The music is fantastic, one of the real highlights of the game. Sound effects are good but limited (as you might expect). Voice-acting is generally quite good but the sheer number (literally hundreds) of officers means you’ll get repetition of voice actors/actresses.

You can also make your own characters (hundreds, I think). More can be made on the PC, where you can also import your own custom headshots (rather than using the in-game ones) but that’s still very flexible. Additional fictional characters are earnt as you progress through the game, and including the extra characters or not is up to the player (you can also turn off or on individual fictional characters, so if you loathe Lady Okatsu, you can keep her out of your game).

The translation is generally very good but there’s one quest early on (not especially important) where you have to capture a castle. Only you don’t, because it’s meant to say ‘capture a province’ [provinces usually had at least 2-3 settlements and often more].

I’ve completed the game twice (held back the review because I wanted to ensure there were multiple ways to do it). The first time I conquered a hefty chunk of Japan, got made Shogun and then was able to impose a War Ban which ended the game. The second time, I conquered the whole country, which took quite a while. I did have to dissolve a couple of marriage alliances to declare war on my erstwhile allies (one of whom had repeatedly failed to honour requests to reinforce me, so that was sweet revenge).

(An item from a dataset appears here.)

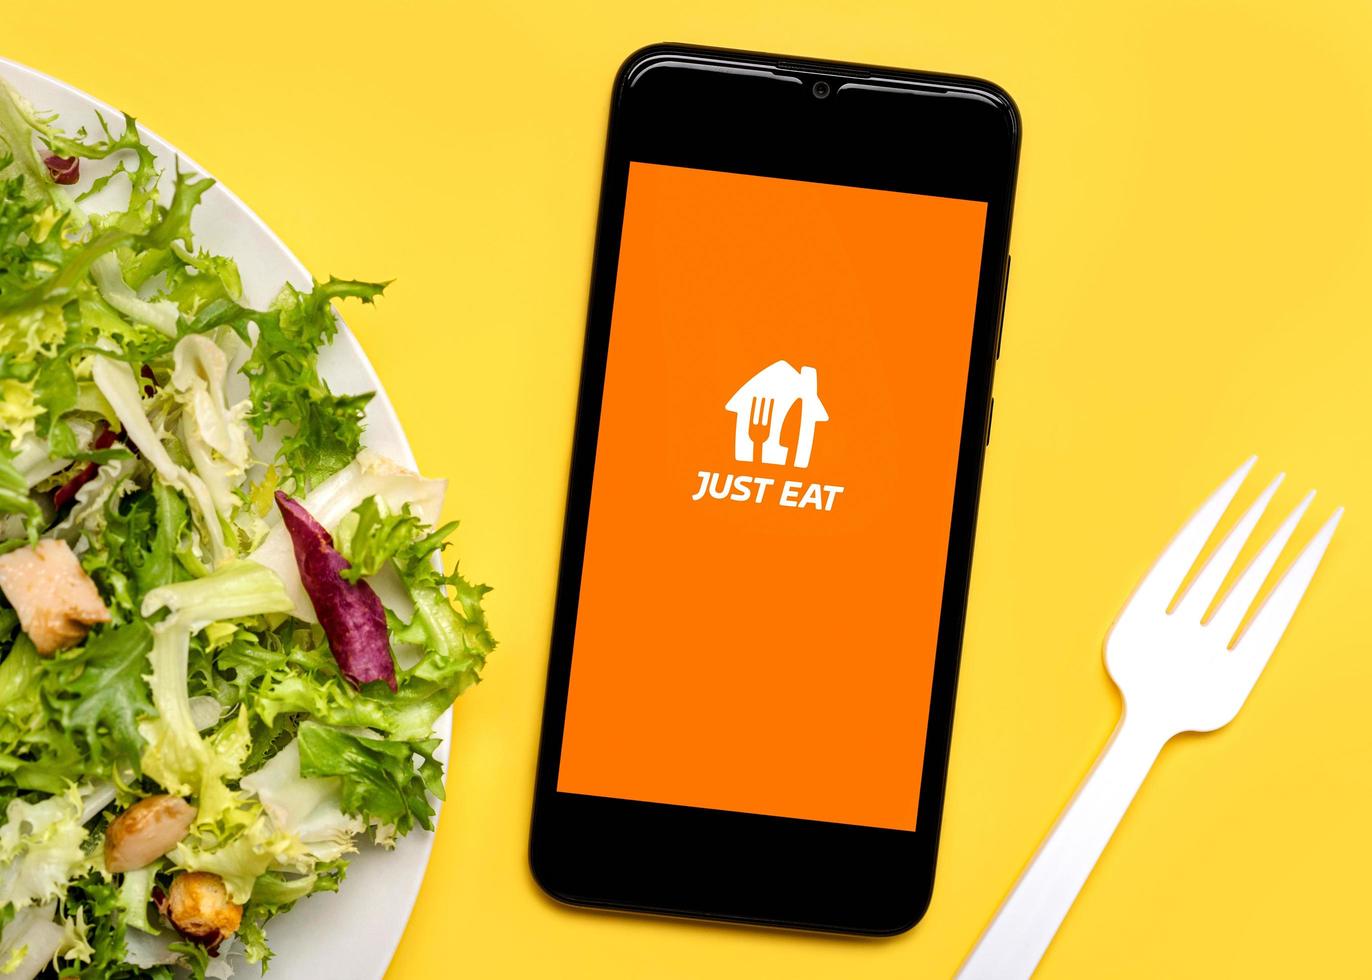 il suffit de manger l'icône de l'application sur l'écran noir du smartphone avec une assiette de salade de laitue et une fourchette en plastique blanc photo

Replayability is significant. Having finished it twice in a row, I am on a short break but have begun a third game. Whilst most will pick the Oda clan, you can choose any you like or even make a new one (though I haven’t tried that yet).

Downsides? Building up a strong position, whether through diplomacy, improving your road network (if you can get troops to defend/attack more quickly than the enemy, that’s a real advantage) or allowing troop numbers to recover between wars all take time. Par for the course with a strategy game, but it’ll take a while to win. Also, when playing various scenarios (starting points) the snippets of history interspersed [not all the time, just every few months or more] may be repeated, which gets slightly tedious. The battles could perhaps be a bit more advanced, but I’m being picky (it is a strategy not a tactical game).

Again, I’m not a strategy connoisseur, but I did enjoy this and will be returning to it. If I were to slap a score on, it’d probably be about 8.5/10.